Ich bin eher schlechter in dem Bereich, weswegen ich hoffe die eine oder andere Hilfestellung zu bekommen. Vorstellen tue ich mir das Spiel in etwa so:

Programmierung eines interaktiven Spiels, bei dem der Spieler nach Beginn verschiedene Buchstaben(Buttons) anklicken kann, und das Programm diese mit einem vorher eingelesenen Begriff vergleicht. 
Spielregeln:

- Pro eingetragenen Buchstaben gibt es 1 Punkt, bei mehrmals vorkommenden 2/3/  4 Punkte.
- Pro falsch angeklickten Buchstaben wird ein "Hangmanteil" gezeichnet, man kann  max. 9x falsch klicken, danach ist die Partie verloren.
- Die benötigte Zeit ist für die Punktzahl irrelevant.
- Ein "ß" wird im Begriff als ss vorkommen
- Umlaute wie ü/ä werden zu ue/ae
- Nach verlieren der Runde wird der Begriff angezeigt


Der Begriff soll über eine MS-Access Datenbank mithilfe einer Schnittstelle eingelesen und anschließend solange wie nötig abgespeichert werden. Angezeigt wird er im Textfeld einer GUI, die dann die Buchstaben mit * ersetzt, bis der richtige Button gedrückt wurde. 

Dazu habe ich jetzt eine Frage:

Wenn ich den Begriff eingelesen habe, soll er in einem Objekt gespeichert werden. Nach erraten des Begriffs, soll dieses allerdings wieder einen neuen Begriff einlesen, OHNE dass das Spiel neu startet, und ich hab keine genaue Vorstellung ob dies möglich ist.

Gruß
McIvor


----------



## JCODA (25. Feb 2014)

Es ist möglich.


----------



## geqoo (25. Feb 2014)

JCODA hat gesagt.:


> Es ist möglich.



Durchaus.
Mach einfach einen Setter für den Wert und überschreibe diesen dann einfach beim Erraten des Wortes damit.


----------



## DefconDev (25. Feb 2014)

Ich glaube der TE hat nicht mal ansatzweise eine Ahnung was eine Setter oder Getter Methode ist. Laut seiner Aufgabenbeschreibung benötigt er auch gewisse Grundlagen in der GUI Programmierung.

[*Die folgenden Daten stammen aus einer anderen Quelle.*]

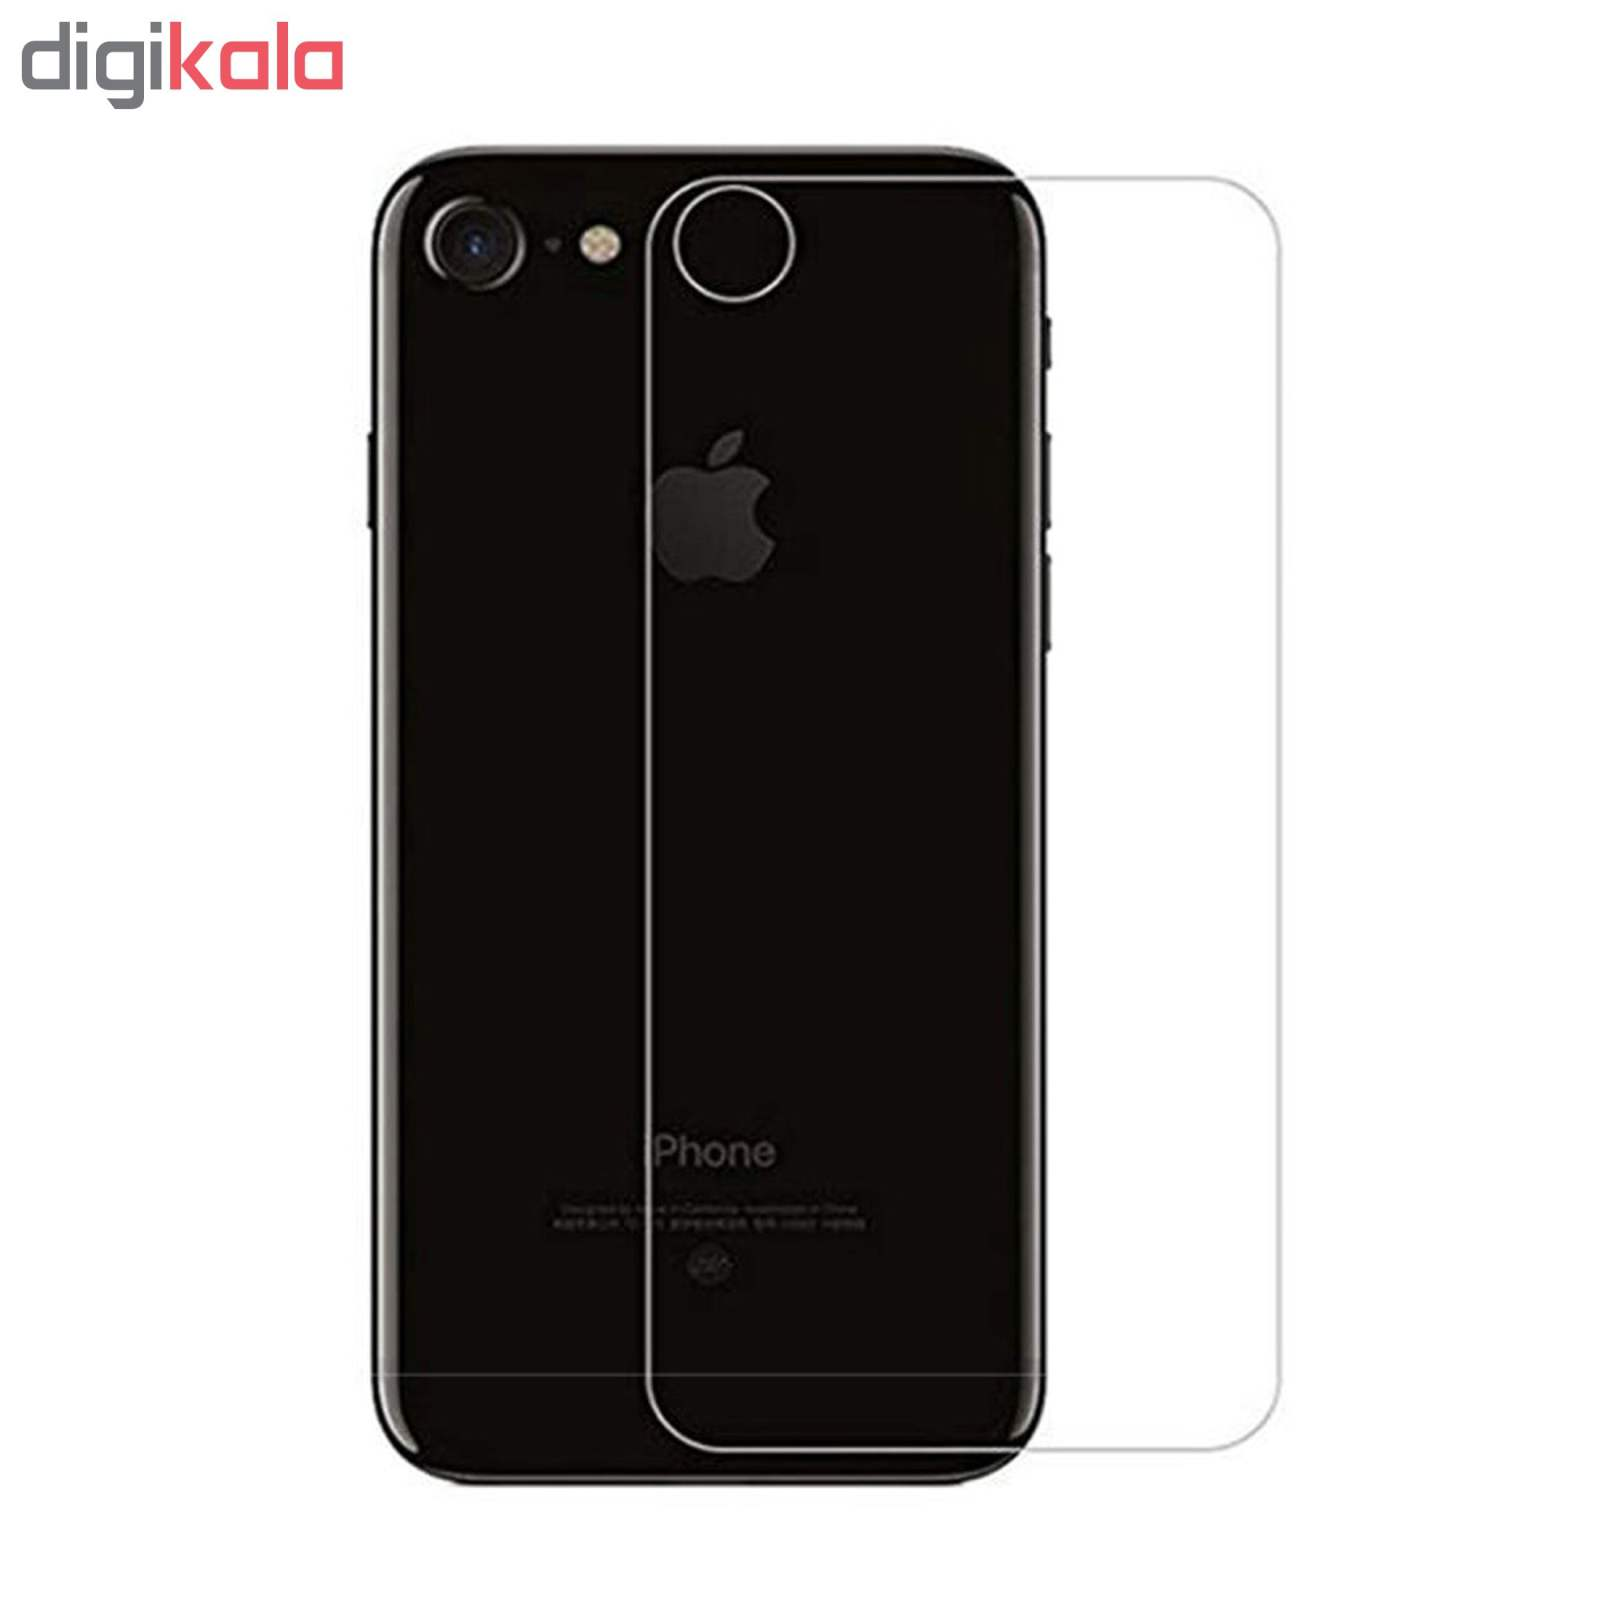 محافظ صفحه نمایش و پشت گوشی اسپایدر مدل S-TMP002 مناسب برای گوشی موبایل اپل iPhone 6 Plus / 6S Plus main 1 2

Also die Aufgabe ist definitv machbar, aber ich befürchte der TE hat überhaupt keine Ahnung worauf er sich da eingelassen hat.

Lieber TE was wissen sie denn schon über die Grundlagen von Java?


----------



## McIvor (25. Feb 2014)

Hades85 hat gesagt.:


> Lieber TE was wissen sie denn schon über die Grundlagen von Java?

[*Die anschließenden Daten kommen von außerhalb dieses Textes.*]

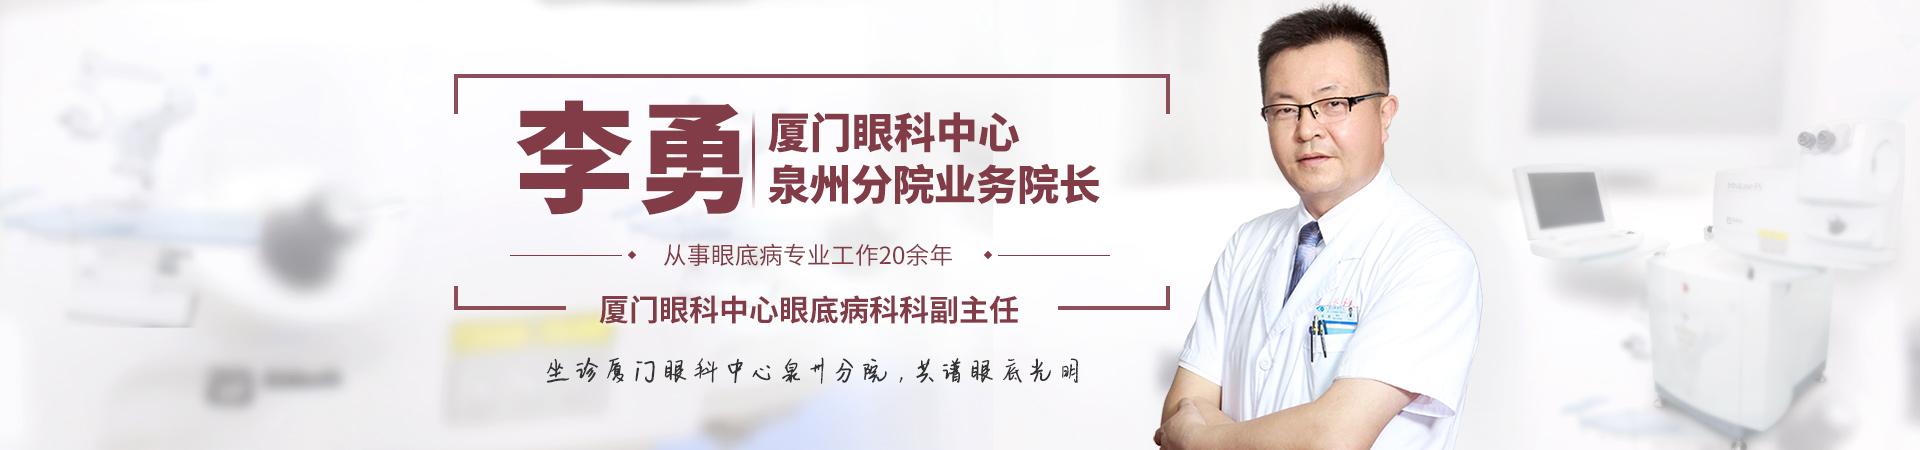 李勇 banner
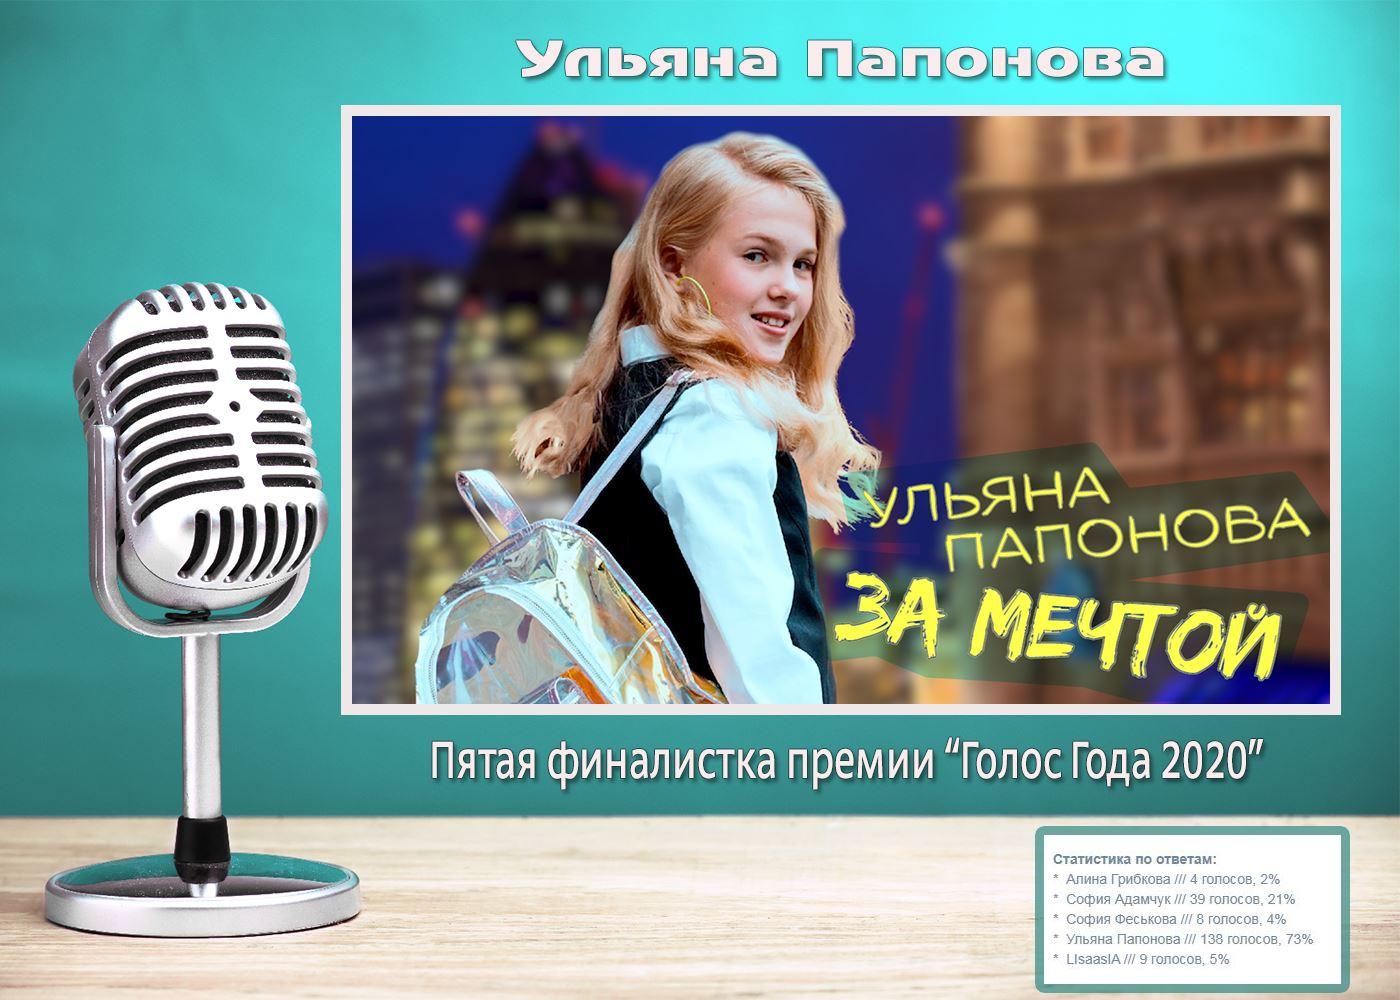 Ульяна Папонова, финалистка премии Голос Года 2020

1,5 Jahre programmieren, aber ich würde mich nicht als gut bezeichnen xD GUI Programmierung und 
Erstellung ist vermutlich kein Problem, die Oberfläche mit Buttons, Textfeldern etc steht. Sind teilweise eher n paar Grundlagensachen, aber ich sicher mich lieber vorerst ab bevor ich losprogrammiere und am Ende merke, dass ne ArrayList doch wesentlich besser gewesen wäre...


----------



## DefconDev (26. Feb 2014)

McIvor hat gesagt.:


> 1,5 Jahre programmieren, aber ich würde mich nicht als gut bezeichnen xD GUI Programmierung und
> Erstellung ist vermutlich kein Problem, die Oberfläche mit Buttons, Textfeldern etc steht. Sind teilweise eher n paar Grundlagensachen, aber ich sicher mich lieber vorerst ab bevor ich losprogrammiere und am Ende merke, dass ne ArrayList doch wesentlich besser gewesen wäre...

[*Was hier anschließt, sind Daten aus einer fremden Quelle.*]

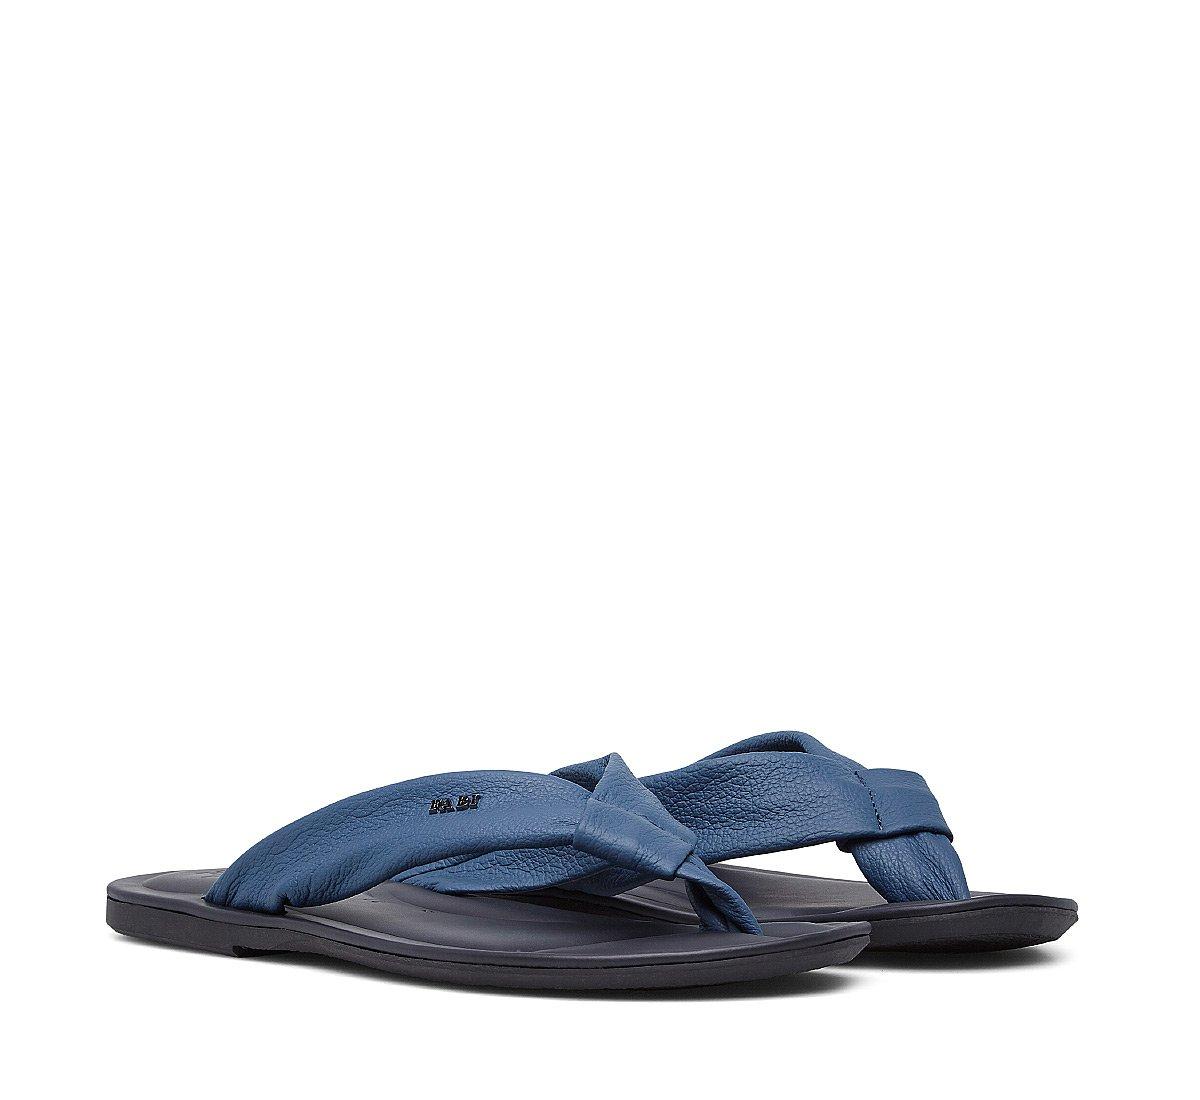 Sandalo Infradito in nappa

Ich möchte dir nicht zu nahe treten aber wenn du nach 1,5 Jahren Programmieren nicht mal weisst ob es sinnvoller ist ein Array oder ein Arraylist einzusetzen, dann hast du aber nicht fleißig gelernt oder programmiert.

Der enizige Tip der mir jetzt noch einfällt, wie wäre es wenn du anstatt einer Datenbank, ein ganz normalen Texteditor nimmst? Ich glaube die Einbindung ist 100mal simpler und spart dir Zeit, die du dann in andere Problemstellungen investieren könntest.


----------